Shanna, a calendar year and cash basis taxpayer, rents property from Janice. As part of the rental agreement, Shanna pays $8,400 rent on April 1, 2018, for the 12 months ending March 31, 2019. How much is Shanna's deduction for rent expense in 2018? Assume the same facts, except that the $8,400 is for 24 months' rent ending March 31, 2020. How much is Shanna's deduction for rent expense in 2018?
a. The entire $8,400 is deductible since the benefit from the payment will be completely received by the end of 2019. b. Since the benefit from the payment will not be completely received by the end of 2019 (the end of the tax year following the year of payment), the only payments deductible in 2018 are for the benefits received in 2018 (nine months; $8,400 × 9/24 = $3,150).
Falcon, Inc., paid salaries of $500,000 to its employees during its first year of operations. At the end of the year, Falcon had unpaid salaries of $45,000. Calculate the salary deduction if Falcon is a cash basis taxpayer. Calculate the salary deduction if Falcon is an accrual basis taxpayer.

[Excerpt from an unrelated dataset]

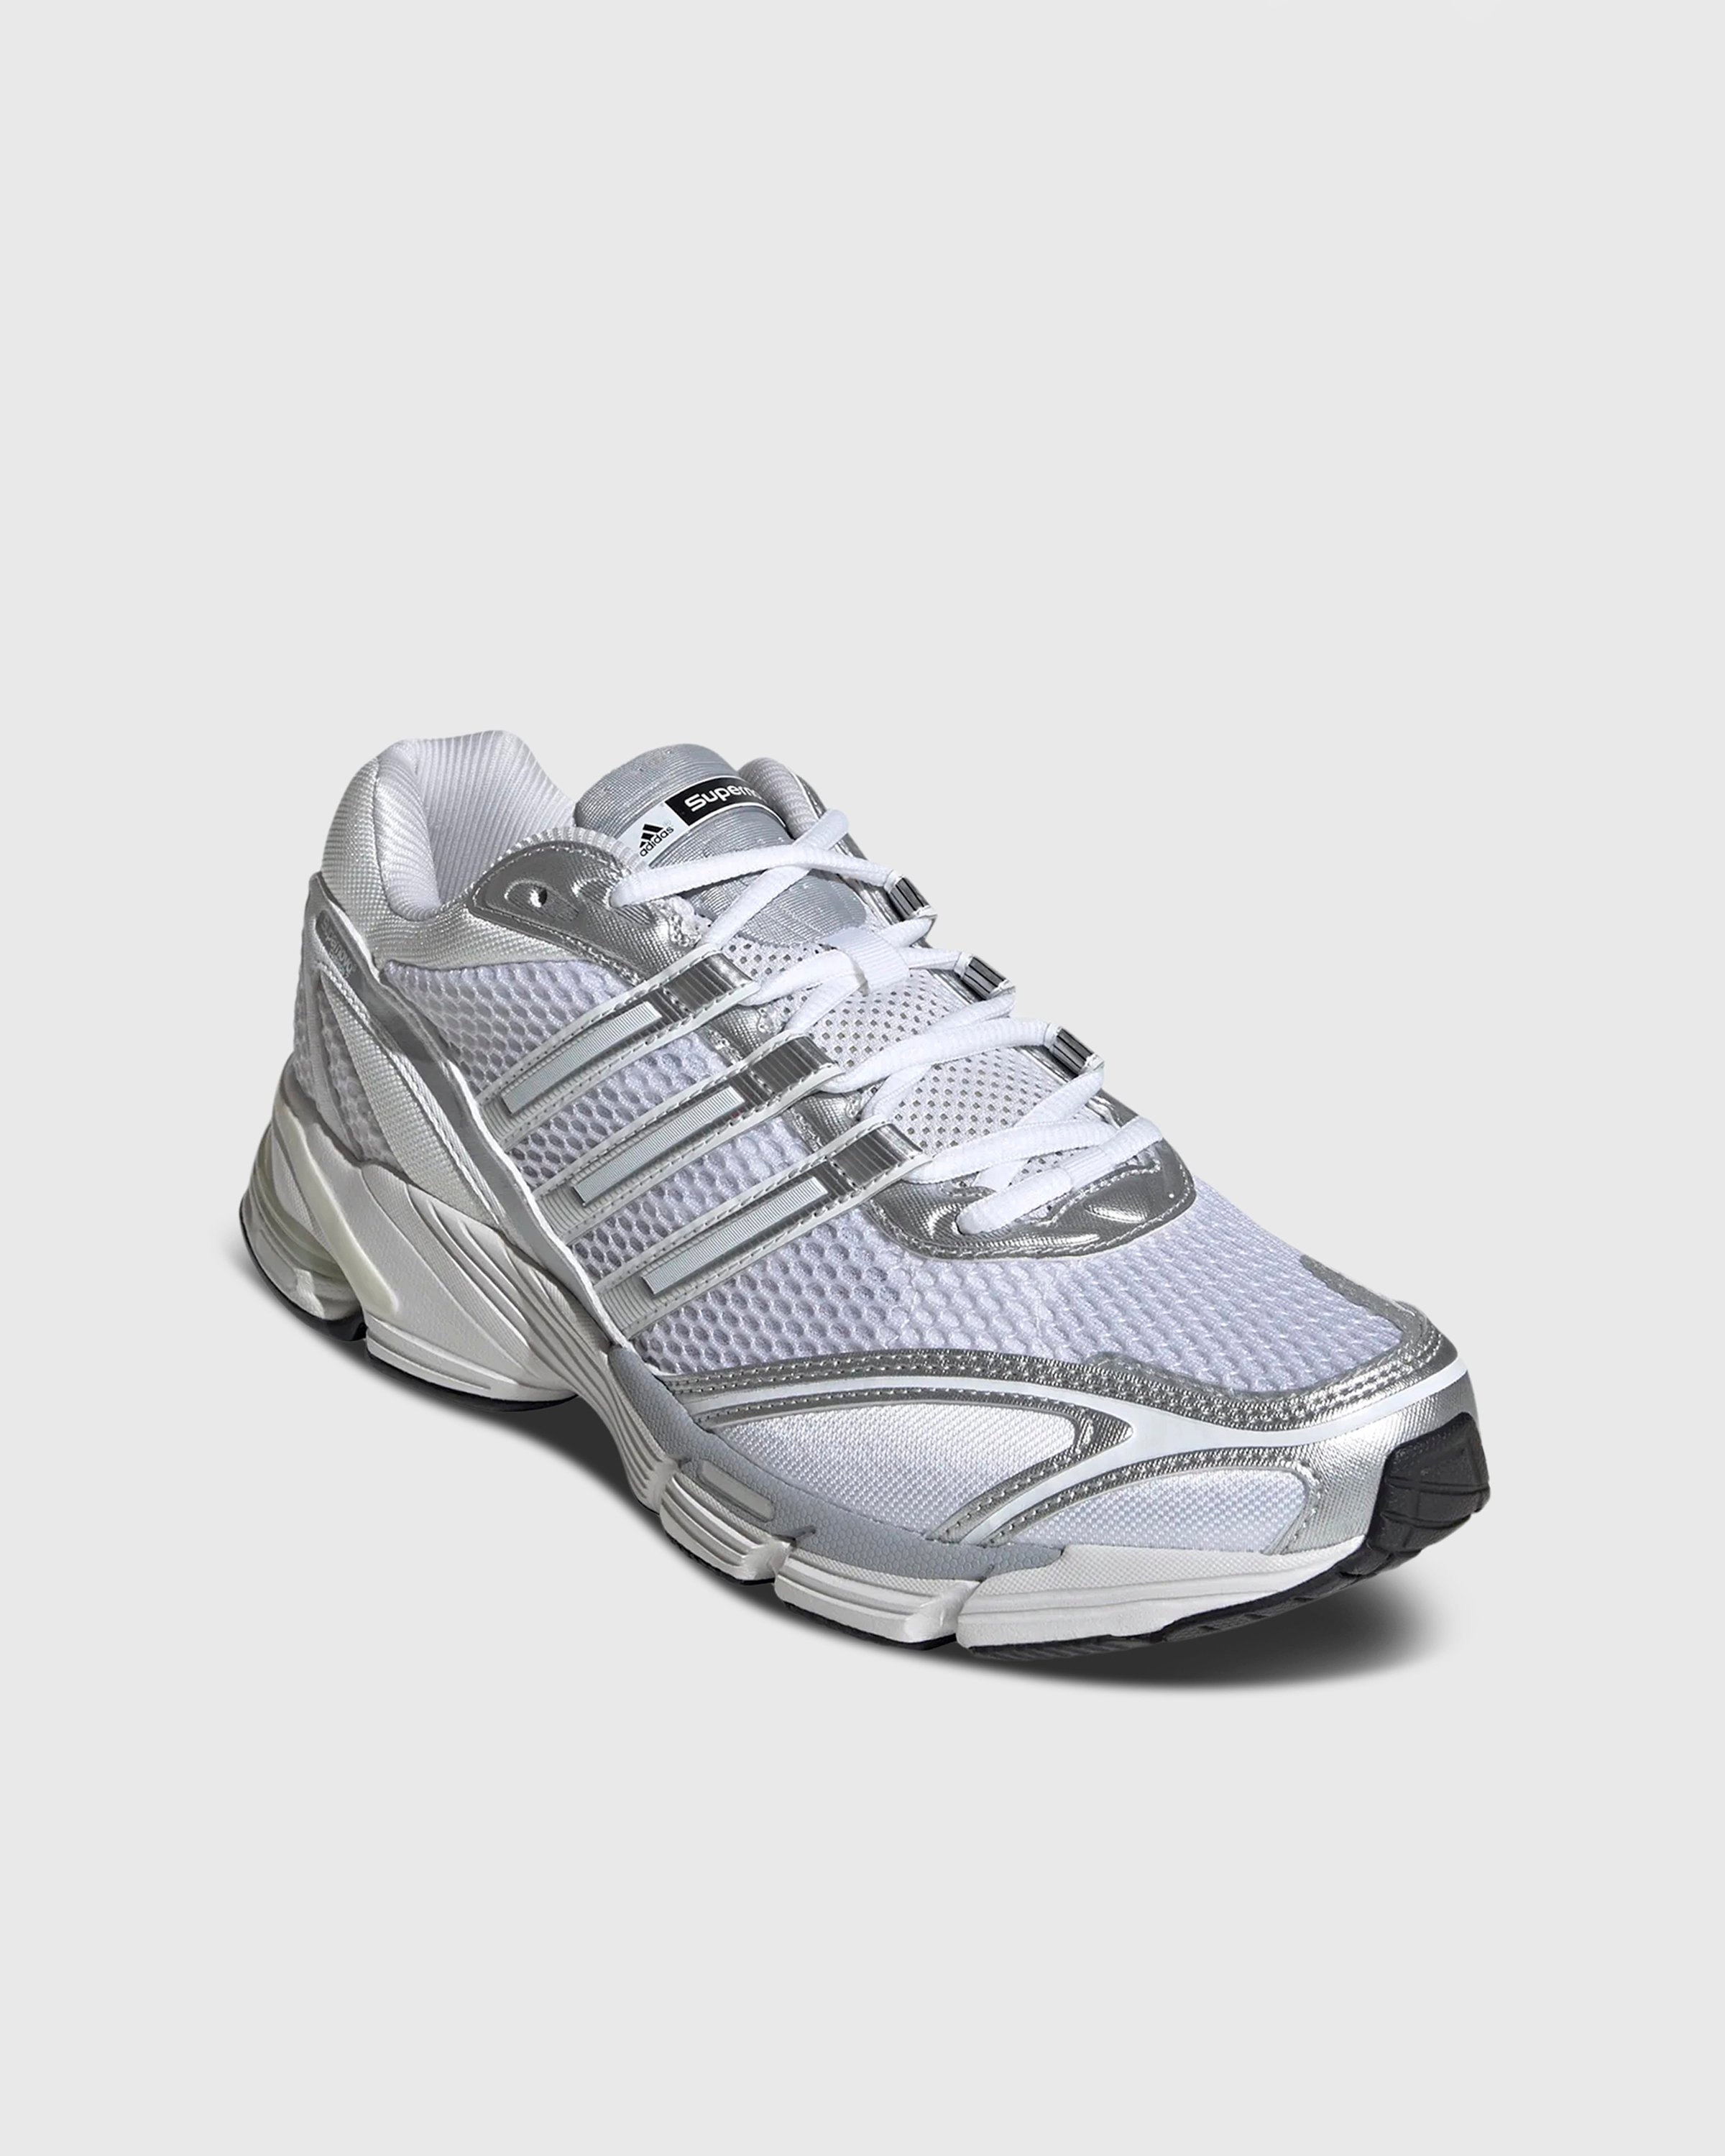 Adidas - SUPERNOVA CUSHION 7 FTWWHT/SILVMT/CRYWHT - Footwear - White - Image 3

a. Under the cash method, Falcon can deduct only the salaries paid of $500,000. The $45,000 of unpaid salaries can be deducted when paid next year. b. Under the accrual method, the $500,000 is deductible because both the all events test and the economic performance test are satisfied. These tests also are satisfied for the $45,000 of unpaid and accrued salaries. Consequently, Falcon can deduct the $45,000 for a total deduction of $545,000 ($500,000 + $45,000).